TheKeatingFive · 23/08/2020 13:33

So you would have no problem in a person saying I am a parent that cares for its child full time ?

No

Sarahbeans · 23/08/2020 13:35

I also agree with full time parent being a category error.

But I also wouldn't have a problem with a SAHM parent who says they are a parent who cares for their child full time. So long as they stop saying that when their child starts preschool or school. As then it's no longer true.

dollypopy · 23/08/2020 13:37

@tornadoalley how did I twist your words?

You wrote

Far from being dissatisfied with a SAHM many men love the fact there wife is happier than when struggling to be a good employee, a good wife and a good mother. They love the fact their wife can be more available to them, less tired and, usually more affectionate, because they are less fraught juggling two lives

I asked why the men can manage to juggle it all & you replied

No they are not better at juggling.
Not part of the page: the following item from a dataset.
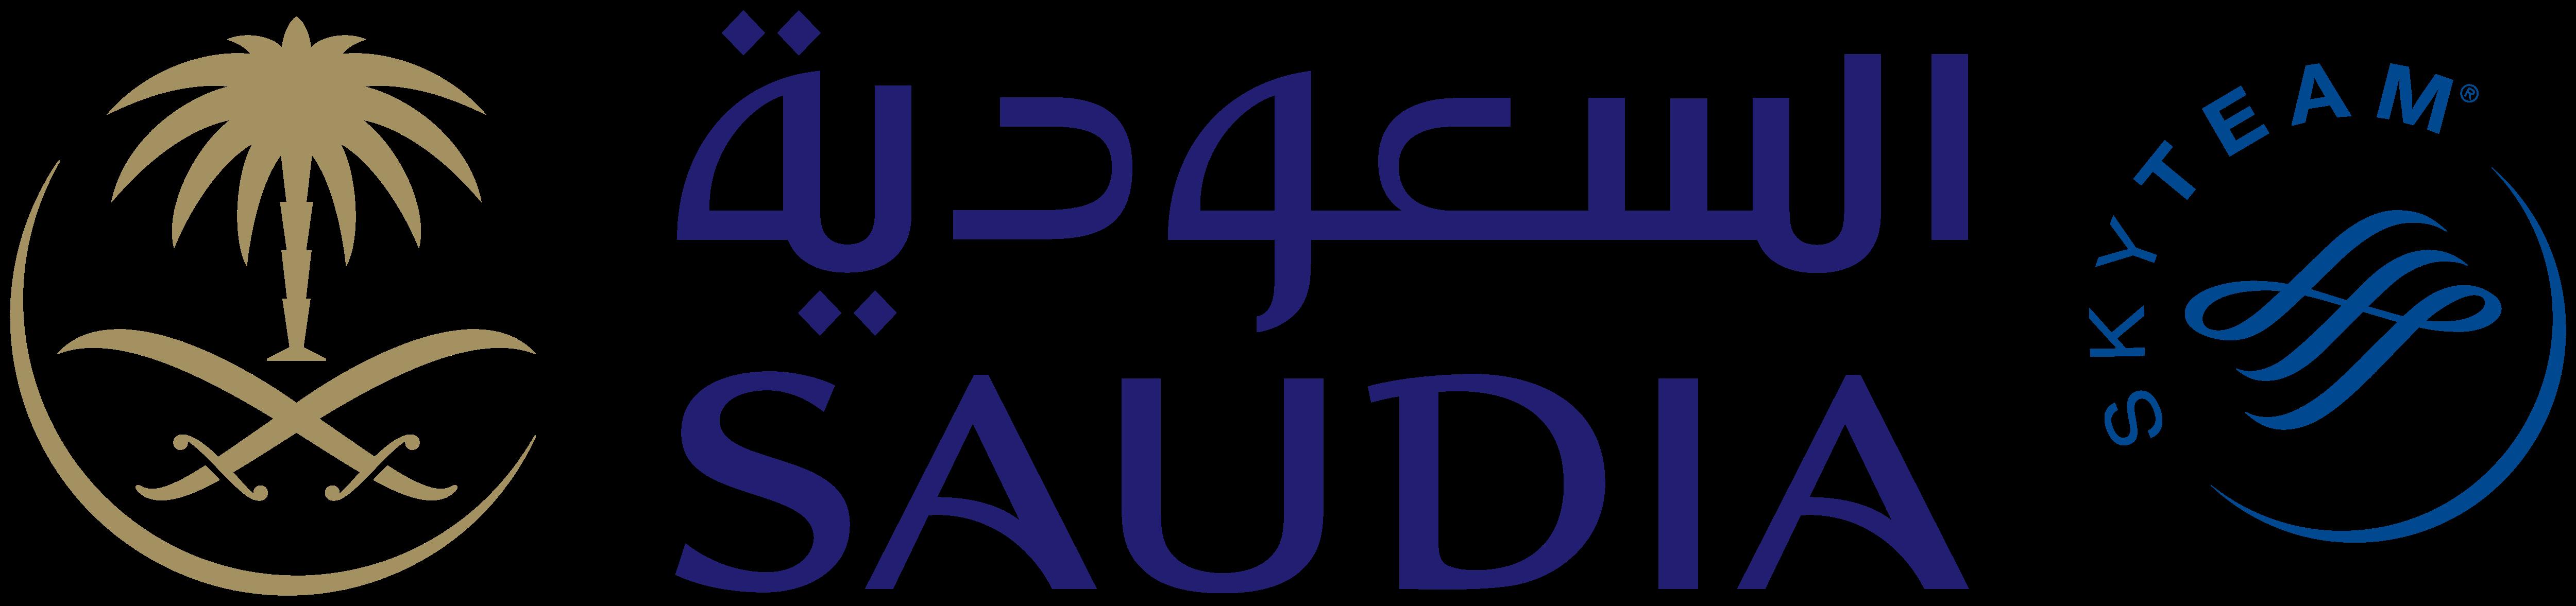 Saudia_logo_logotype

He could concentrate on his job and being a parent. As a former SAHM I could do the housework, washing and cooking and still enjoy lots of lovely baby time

tigger001 · 23/08/2020 13:38

It all seems a bit pedantic and pandering to be fair, you know what people mean, not one person would say it try and imply you are only a parent half to time.
It doesn't offend my working parent friends, but I would hate offend, so let's go with it.